Original Purusha of the Vedas

The form of Narayana is linked with the concept of sacrifice in the earliest known references to him. In Vedic sources such as the Purusha sukta, Narayana is given as the name of the self-offering of the great cosmic sacrifice of the Rig Veda.[70] Narayana is not mentioned in Rig Veda itself, but came to be regarded as the seer who authored the hymn. It is possible that the sage who composed the Purusha Sukta hymn has been assimilated to the Purusha whose praise he had sung, and he himself became the object of worship. Mentions of a divine sage named Narayana, along with counterpart Nara, appears in many Puranic texts.[71] Purusha is also identified with Vishnu in the Rig Veda and interpreted accordingly by many traditions of Vaishnavism. In the Bhagavata he is recognized as "the Lord whose being is sacrifice, Yajna Purusha"[23][72][73][74] Some believe that thus this verse of the Rig Veda is a foundation of Vaishnava tradition. In the Gopala Tapani Upanishad the Rig Veda verse(1.22.20) was addressed paraphrasing the original of the Vedic hymn in accordance with the beliefs of the Gaudiya Vaishnava:[75] It outlines a specific view held by the Gaudiya Vaishnava and Vallabha Sampradaya, that the conclusion of Vishnu worship is meditation on gopa-rupah or specific form of Krishna.[22][76]

The Krishna Upanishad supports this conclusion of Gopala Tapani,[77] and refers to the original "the most divine form of bliss dwells in the supremacy of love of Lord Krishna",[78] saksad, Hari as gopa-rüpa. (1.10-12): [79]

"The Supreme Personality of Godhead appeared in His original form as a cowherd boy. Cheated and bewildered by His illusory potency, the world could not understand His true identity.
"Even all the demigods cannot defeat the Lord's Maya potency. By the Lord's Yogamaya potency Brahma became a stick and Siva became a flute. How did the Lord's Maya potency manifest the entire universe?
"Knowledge is the strength of the demigods. The Lord's Maya potency steals away that knowledge in a single moment. Lord Sesanaga appeared in His original form as Lord Balarama. The eternal Supreme Personality of Godhead appeared in His original form as Lord Krishna."[22][80]

Gaudiya Vaishnava believe that Krishna possesses qualities that are absent in other forms and they relate to his sweetness in Vrindavana lila. Krishna is himself Narayana.[81] Narayana is often identified with supreme, however, when his beauty and sweetness (madhurya) overshadow his majesty, he is known as Krishna, i.e. Svayam Bhagavan.[82] As Friedhelm Hardy says, the concept of Bhagavan, "a single, all-powerful, eternal, personal and loving God ... is an empty slot, to be filled by concrete characteristics" and these characteristics culminate in Krishna.[83]

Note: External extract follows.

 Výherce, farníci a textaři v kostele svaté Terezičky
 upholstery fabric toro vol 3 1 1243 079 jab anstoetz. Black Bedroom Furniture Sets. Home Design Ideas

Paribhasa-sutra of Bhagavata Purana

See also: Dating of the Bhagavata Purana

Jiva Gosvami’s Bhajan Kutir at Radha-kunda. Jiva Goswamis Sandarbhas summarize Vedic sources of Gaudiya Vaishnava tradition's accretion of the concept bhagavān svayam based on paribhasa-sutra of Bhagavata Purana

In Gaudiya Vaishnava, Vallabha Sampradaya Nimbarka sampradaya and old Bhagavata school, Krishna believed to be fully represented in his original form in the Bhagavata Purana, that at the end of the list of avataras concludes with the following text:[84]

All of the above-mentioned incarnations are either plenary portions or portions of the plenary portions of the Lord, but Sri Krishna is the original Personality of Godhead (Svayam Bhagavan).[85]

Not all commentators on the Bhagavata Purana stress this verse, however a majority of Krishna-centered and contemporary commentaries highlight this verse as a significant statement.[86]Jiva Goswami has called it Paribhasa-sutra, the “thesis statement” upon which the entire book or even theology is based.[87]

In another place of the Bhagavata Purana 10.83.5–43 those who are named as wives of Krishna all explain to Draupadi how the 'Lord himself' (Svayam Bhagavan, Bhagavata Purana 10.83.7) came to marry them. As they relate these episodes, several of the wives speak of themselves as Krishna's devotees.[88]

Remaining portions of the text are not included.